Week-in-Review | January 31, 2025
Dear DGIM,
While some of us with outside plans for MLK day were thwarted by cold and snow, Robin Canada and her son were at Comegys elementary school in Southwest Philly painting the halls cheerful colors where she ran into one of her favorite patients also volunteering.
Congratulations to Jen Kogan. She was named a one of the Journal of Graduate Medical Education 2024 Outstanding Reviewer. Reviewing takes times and commitment to doing it well. It is nice when the efforts are recognized.

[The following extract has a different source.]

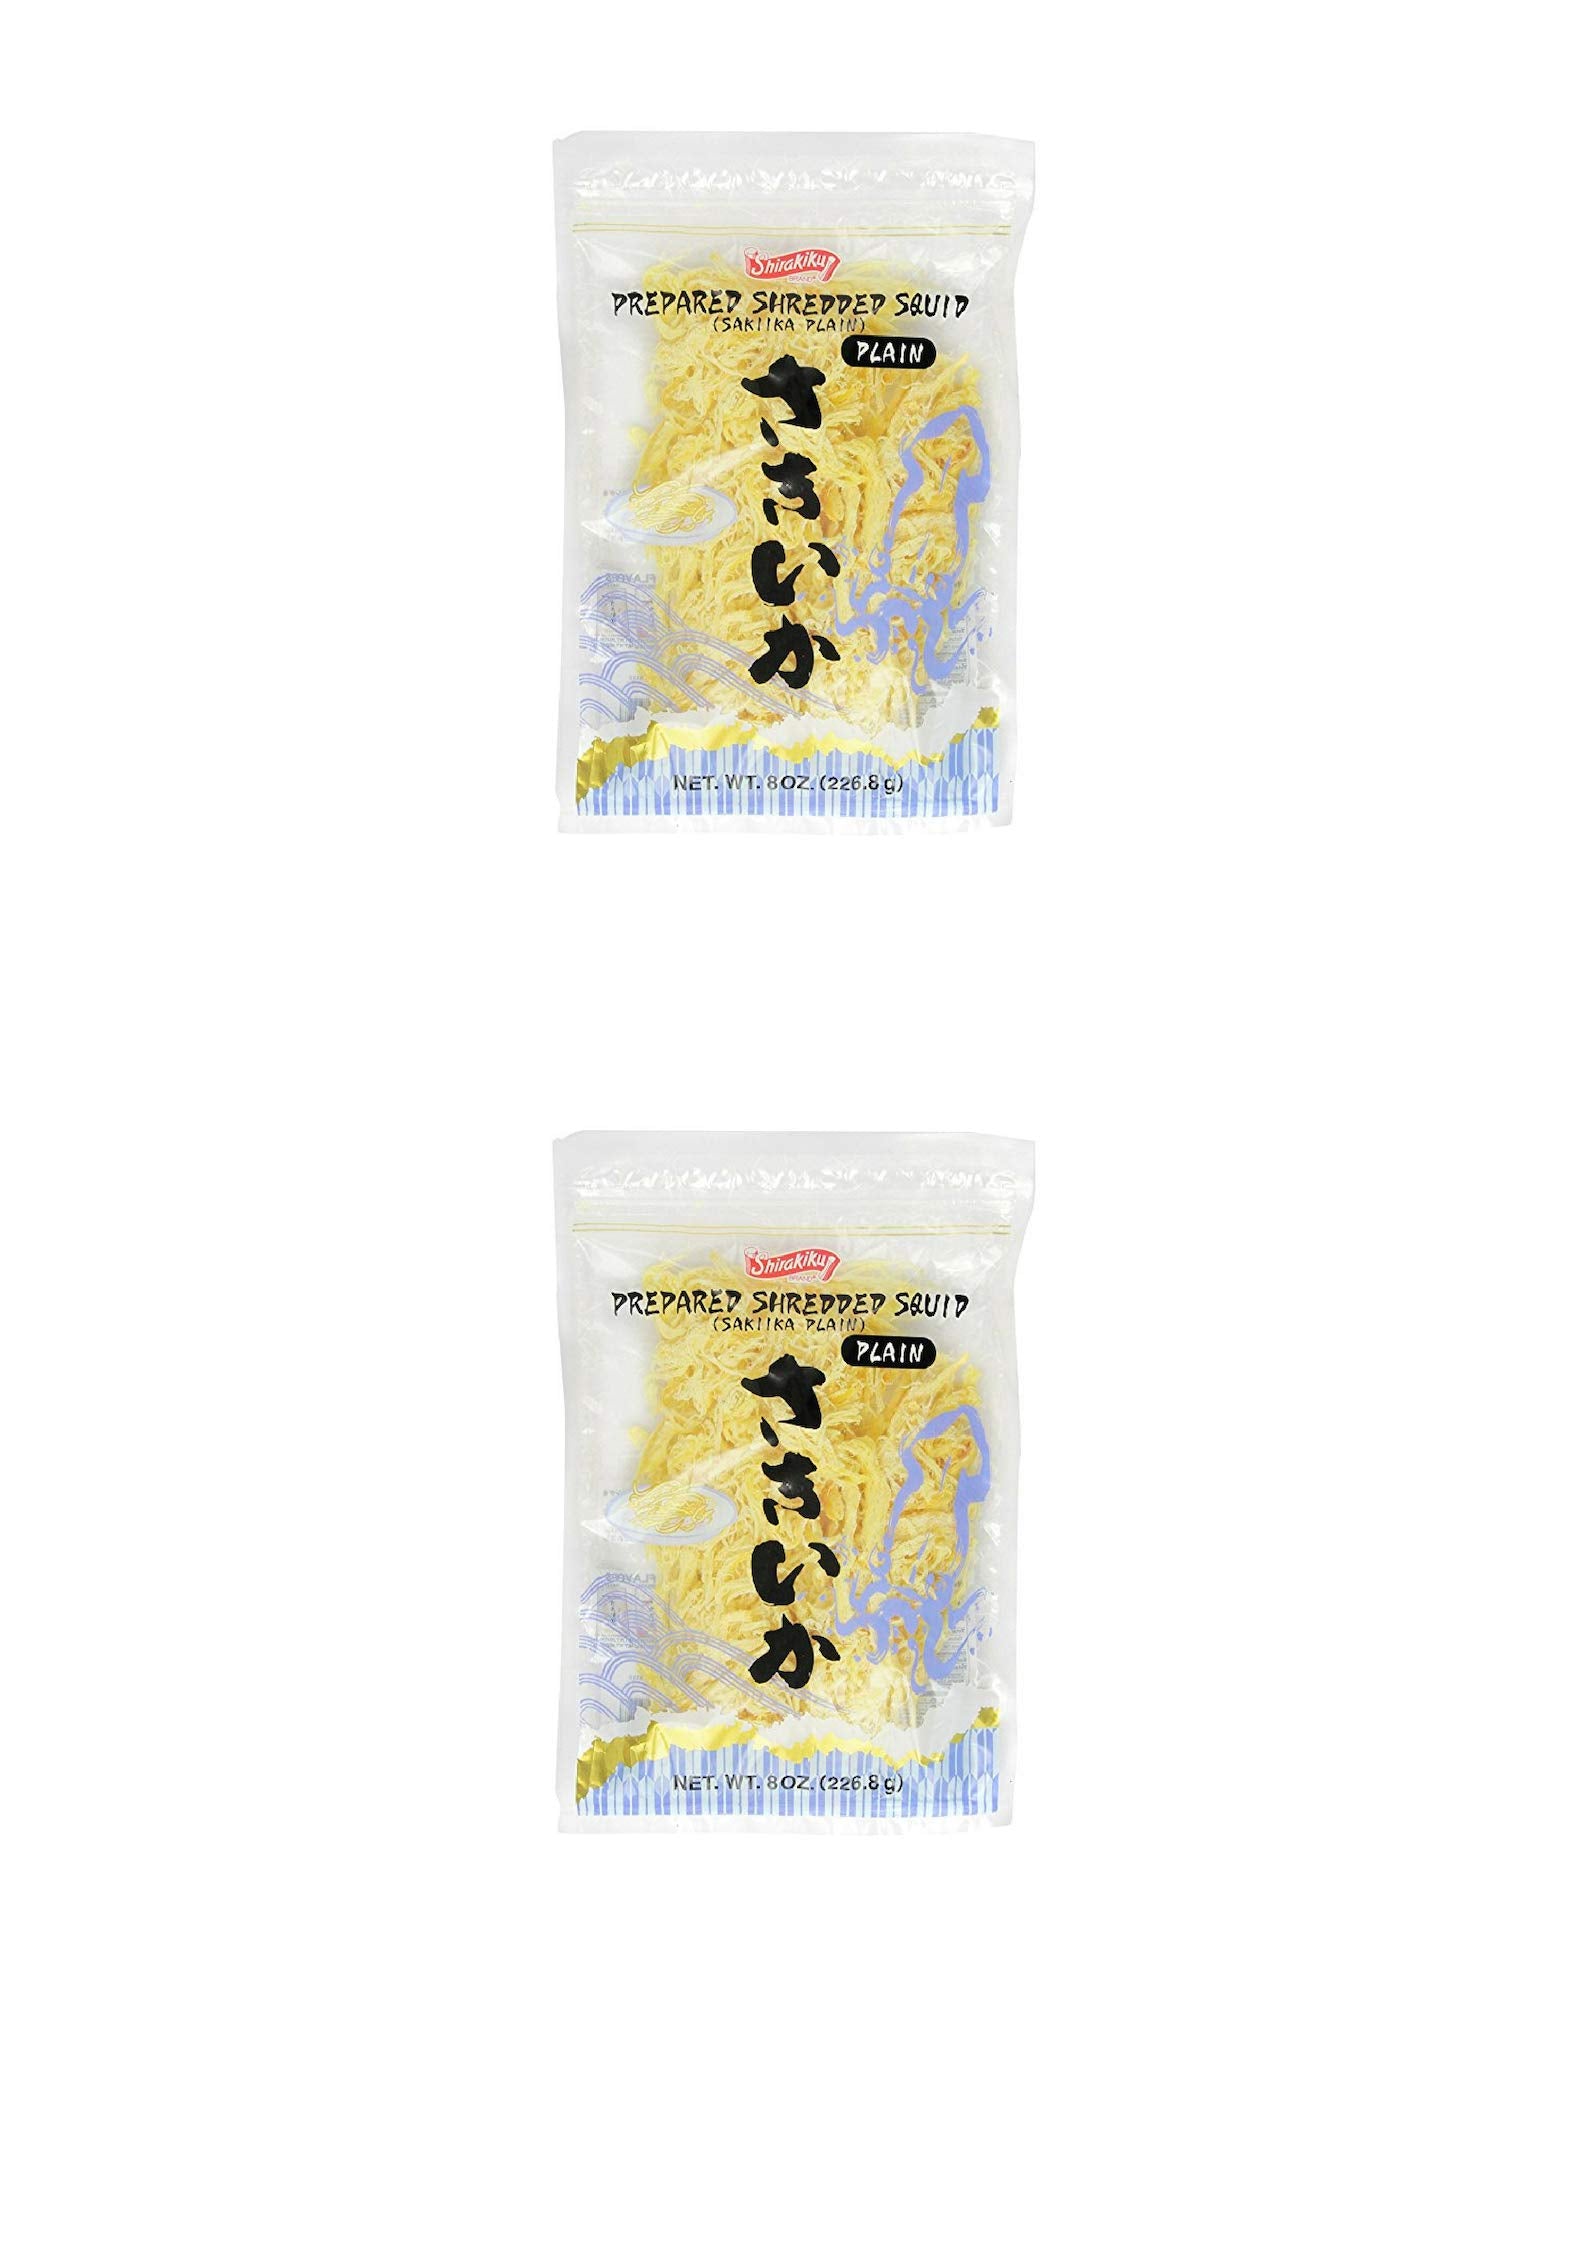 Shirakiku Prepared Shredded Squid Dried Squid Plain Flavor, 8 Ounce (2 PACK)

Congratulations to Marguerite Balasta. In case you did not see it, she is DGIM’s new Director of Population Health.
Bob Burke has a new article in Implementation Science Communications with Kyra O’Brien from Neurology, and other Penn colleagues including Judy Shea. The team used chart-stimulated recall to talk to PCPs about how they evaluate cognitive complaints, using actual patients. She used CFIR to inform interviews and frame results. Then, she presented these results to a Delphi panel of primary care representatives to have them rank strategies that would be most helpful to address the barriers she found. Her Penn PORTAL project is now implementing a pilot intervention using these findings. Bob says, “to me, it’s one of the best examples of being very thoughtful about building step-by-step an effective, implementable intervention in in primary care I’ve seen.” As someone who worked with Judy Shea for years, I see her fingerprints all over this approach.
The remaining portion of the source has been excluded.